Problem description - Each line from the one holding "Niet modieus Duplicaat" to the last line of the listing must be set down exactly. No pictures are to be included.

(Material provided)

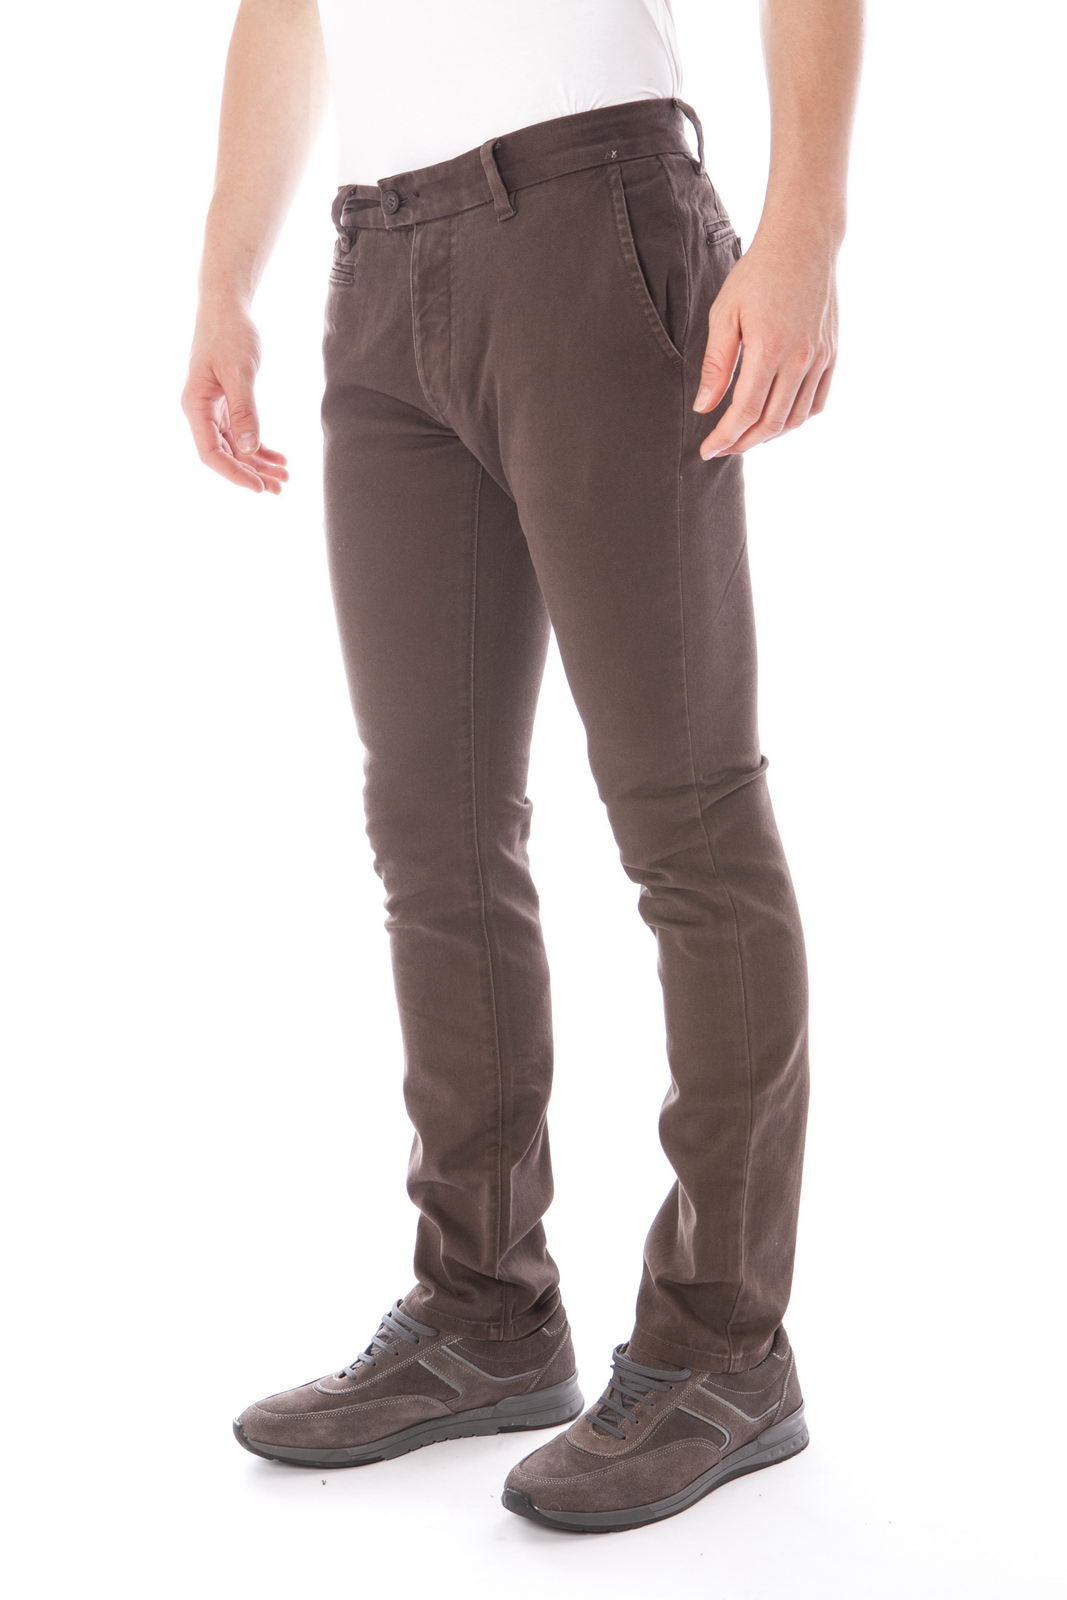 Pantaloni Armani Jeans Marrone M - Cotone Elastan - mem39
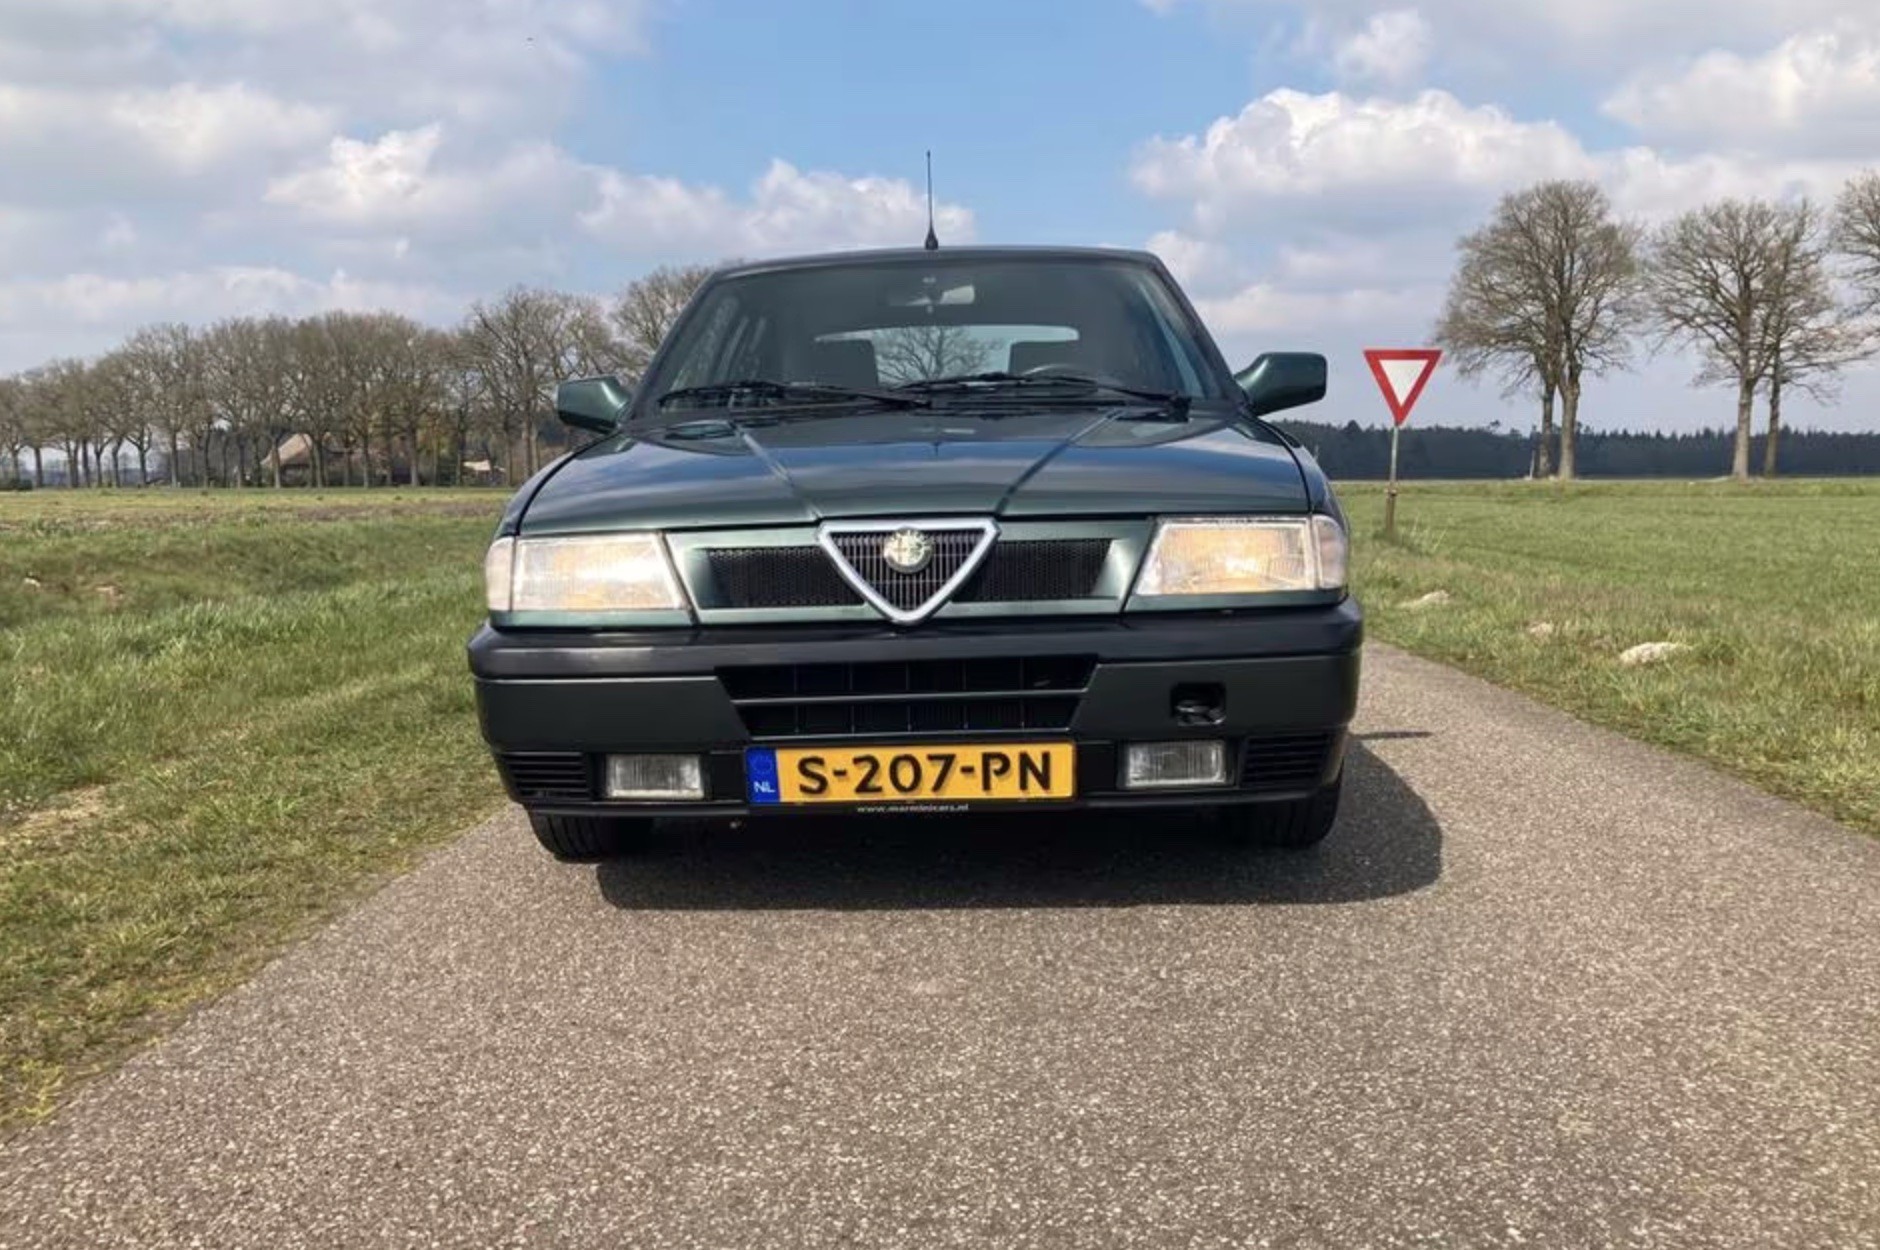 Niet modieus Duplicaat ondernemer Jouw perfecte eerste auto staat gewoon te koop - Autoblog.nl
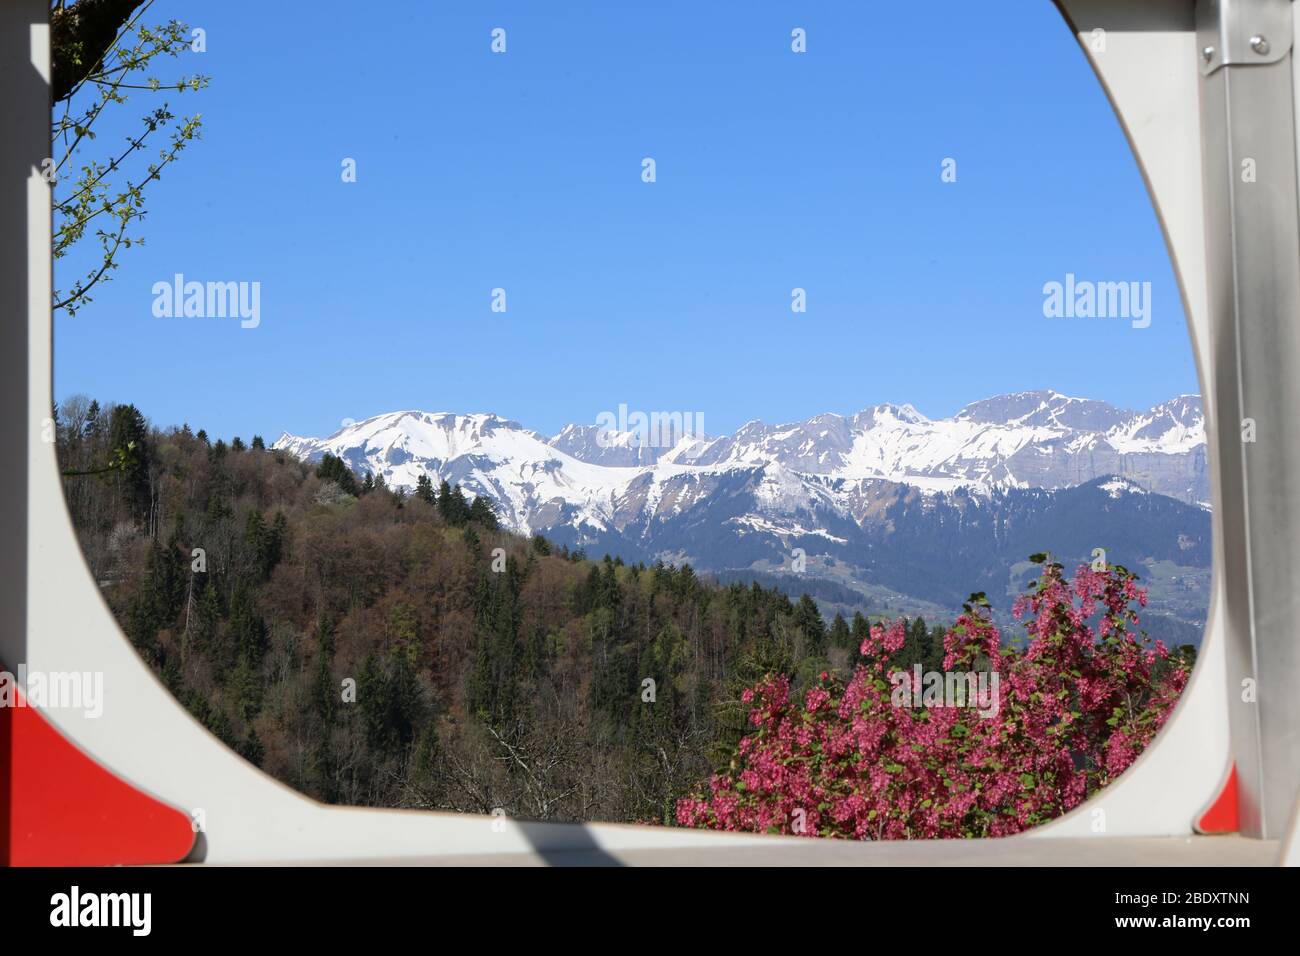 Vue sur la chaîne des Aravis. Alpes françaises; Saint-Gervais-les-Bains. haute-Savoie. France. Stock Photo
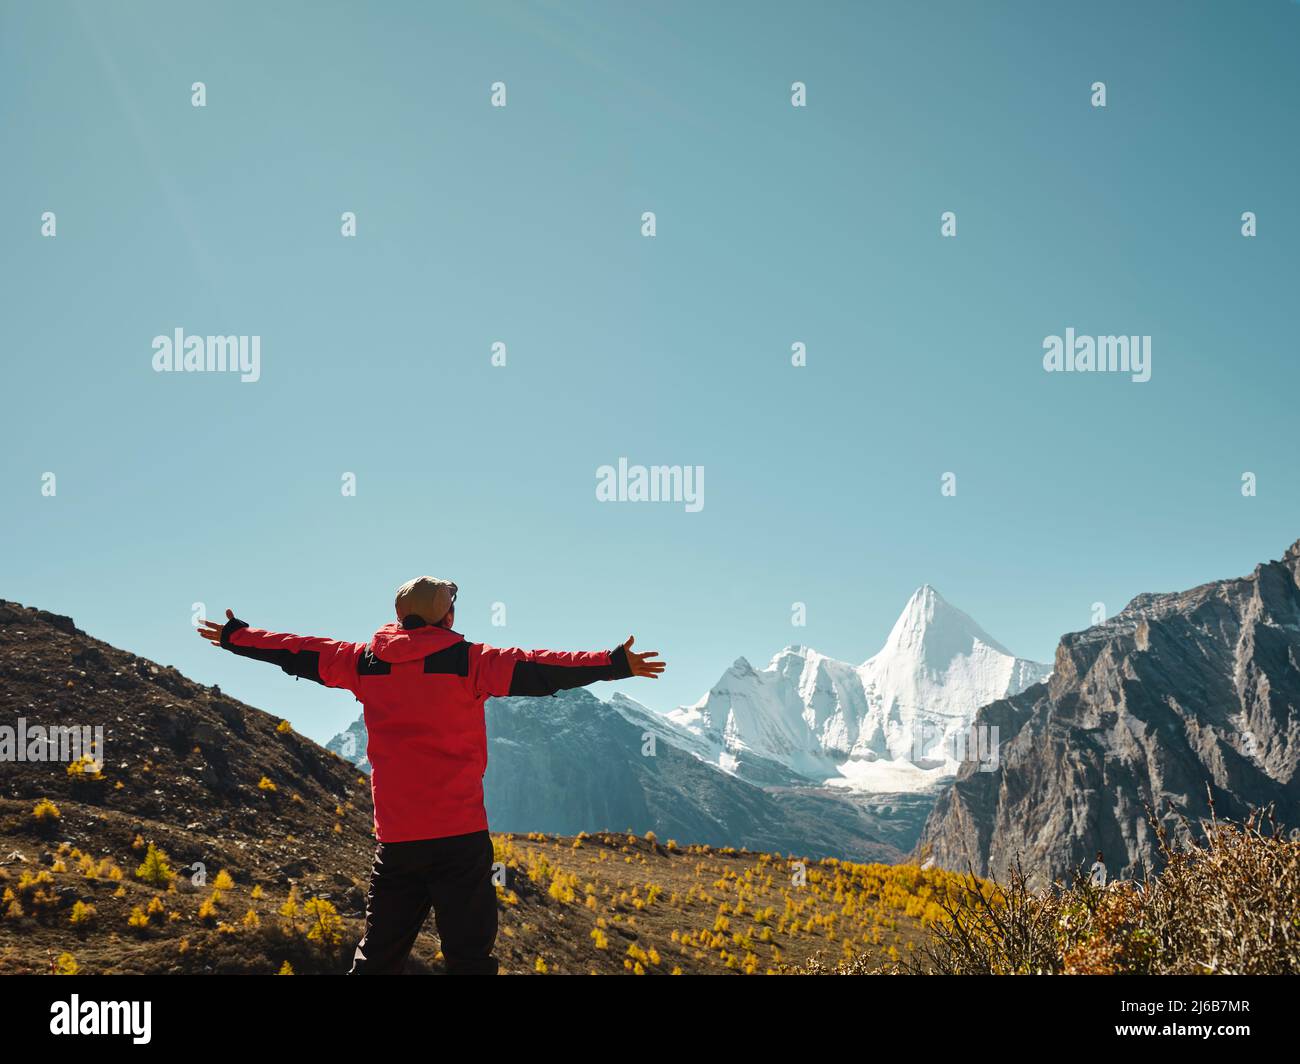 Rückansicht eines asiatischen Mannes, der auf einem nahe gelegenen Berg steht und den Berg Yangmaiyong (oder Jampayang auf Tibetisch) mit offenen Armen in Yading, Daocheng, anschaut Stockfoto

(End Material provided)

Result -
 Niet modieus Duplicaat ondernemer Jouw perfecte eerste auto staat gewoon te koop - Autoblog.nl
 Vue sur la chaîne des Aravis. Alpes françaises; Saint-Gervais-les-Bains. haute-Savoie. France. Stock Photo
 Rückansicht eines asiatischen Mannes, der auf einem nahe gelegenen Berg steht und den Berg Yangmaiyong (oder Jampayang auf Tibetisch) mit offenen Armen in Yading, Daocheng, anschaut Stockfoto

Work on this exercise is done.